出っ歯と口ゴボを引っ込めたい人の歯列矯正


口ゴボも引っ込めて治すにしても、先ずは出っ歯を治して、いわゆるきれいな歯並びにしなくてはいけません。 とりあえず上の歯だけ2本抜歯して、歯列矯正を開始しました。
出っ歯の歯並びが治った時点で、再考していただき、「やっぱり口元をもっと引っ込めて口ゴボも治したい!」となりました。 そこで、あらためて上下左右一本ずつ計4本の抜歯を追加して、アンカースクリューも併用しながら、矯正治療を継続しました。

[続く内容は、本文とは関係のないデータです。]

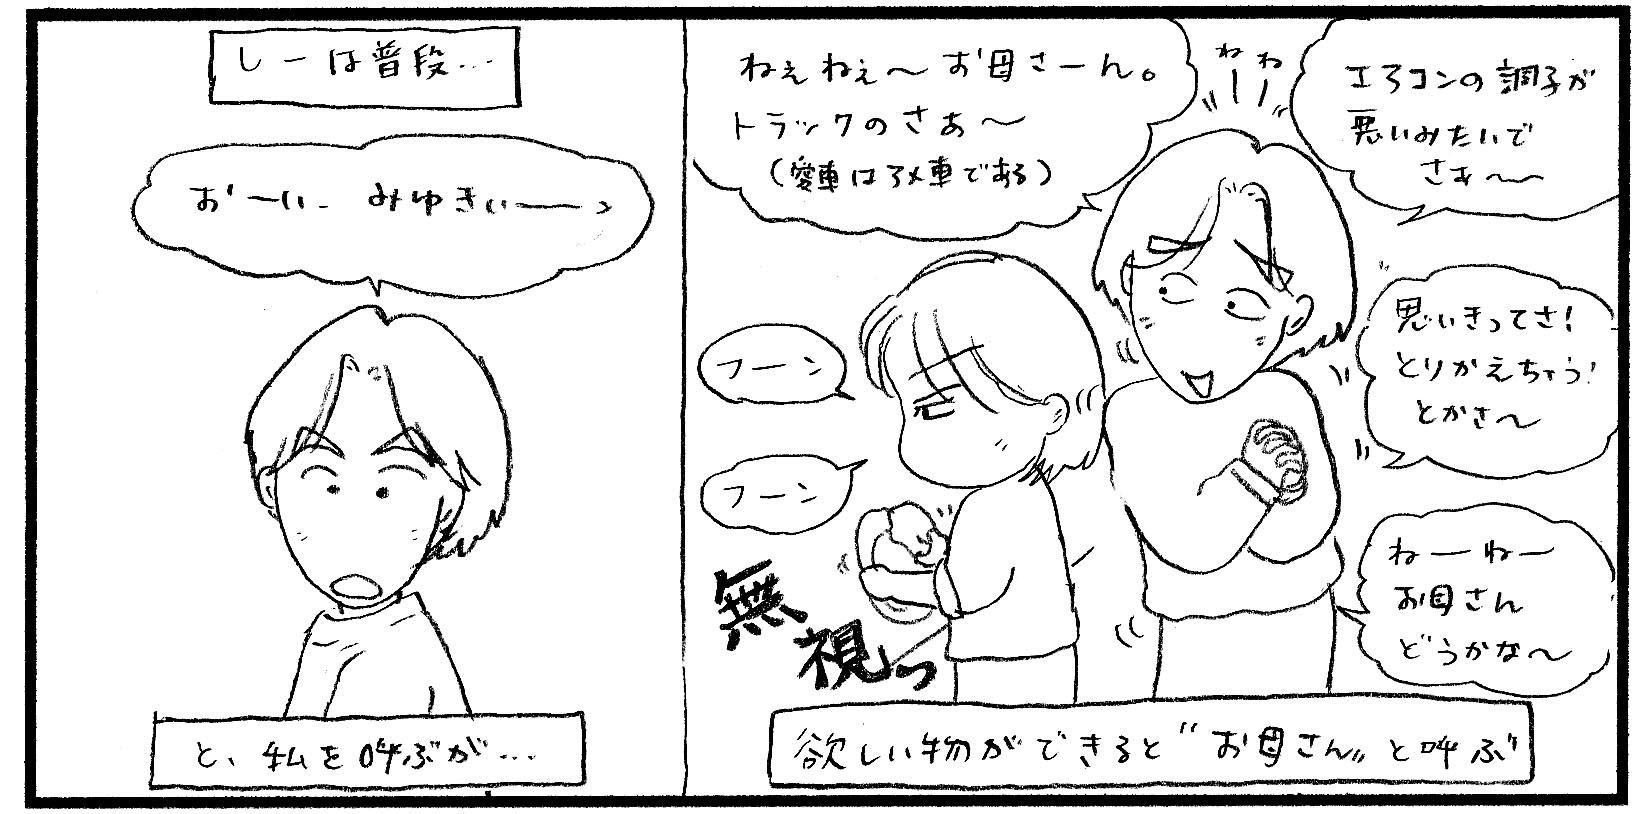 こーゆう時ばっかり(笑)_f0119369_168567.jpg

→ 出っ歯と口ゴボを引っ込めたい人の歯列矯正の詳細は、コチラを参照してください。
出っ歯のQ&A
子供出っ歯を治すのに最適な時期はいつですか?
お子さんの出っ歯の相談・治療のタイミングは「今」です。
出来るだけ早く、矯正の先生に相談してください。
なぜなら、子供(一般的に小学生)の時期であれば顎の成長を利用することで、抜歯をせずとも出っ歯を治すことも出来るのです。 また、早期に悪癖を是正することは、適正な顎や歯列の成長に繋がります。

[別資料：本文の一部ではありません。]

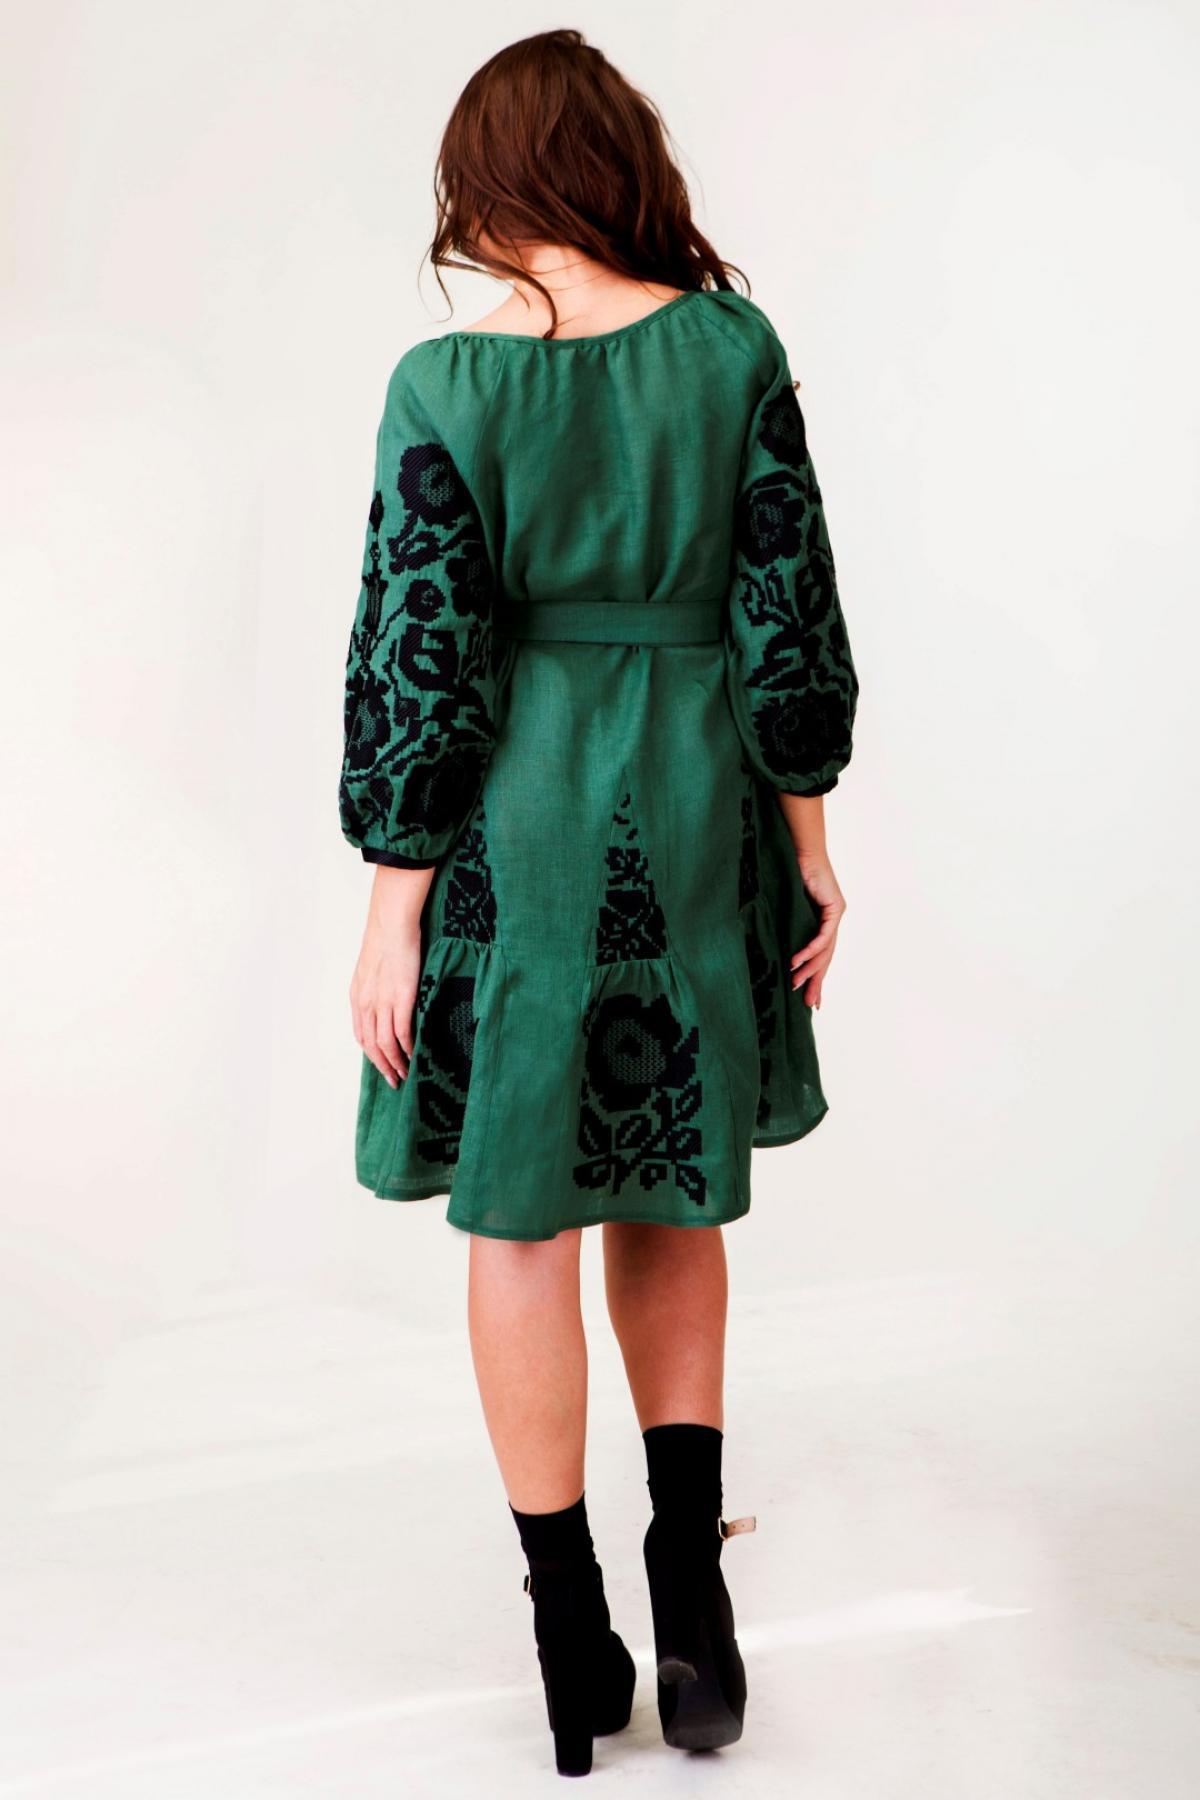 Оливково-зелена вишита сукня. Фото №2. | Народний дім Україна

顎の成長を利用して治す場合、「手」のレントゲン写真を撮り骨の出来具合を確認することで、その子の成長の度合いを確認します。 そのうえで、成長の時期に応じた適切な装置を選んでいただき治してもらいましょう。 タイミングを逃すと上手くいかないこともあります。

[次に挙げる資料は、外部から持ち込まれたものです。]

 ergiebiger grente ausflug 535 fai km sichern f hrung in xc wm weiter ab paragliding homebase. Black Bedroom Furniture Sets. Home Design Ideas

もちろん、大人になっても出っ歯は治せますが、まず間違いなく抜歯を伴います。
出っ歯を治したら、口元も引っ込みますか?
あまり変わらない場合と、引っ込む場合とがあります。
下の歯列が頭蓋骨に対してどのていど前方に位置しているか!?により、答えは変わると考えています。
ざっくり言うと、
「お口を閉じたときに、オトガイに梅干し状のシワができる方」は、上の歯を2本抜いて出っ歯を治しただけでは口元があまり変化しないことが多いように思います。
出っ歯を治して口元も引っ込めたい場合、上だけでなく下の歯も含めて4本の抜歯をすることで出っ歯を改善して更には口元を引っ込めることも出来ます。 歯並びや噛み合わせによっては、4本どころか6本抜歯して治療を進めないと希望をかなえられない・・・というケースもあります。
一方、「お口を閉じるときに、あまり力が要らない方」では、出っ歯を治し歯並びを良くするだけでも口元に変化が起きやすいように思います。
出っ歯を治す目的が、歯並びの出っ歯が治れば十分なのか、口元も引っ込めたいのか、コレは矯正を始めるにあたり考えておかないといけない大事なポイントです。
マウスピース矯正で出っ歯を治せますか?
マウスピース矯正は、「基本的に抜歯をしないで、主に歯のガタガタを治すもの」という認識です。 ですから、出っ歯を治すならばワイヤー矯正という選択になると考えています。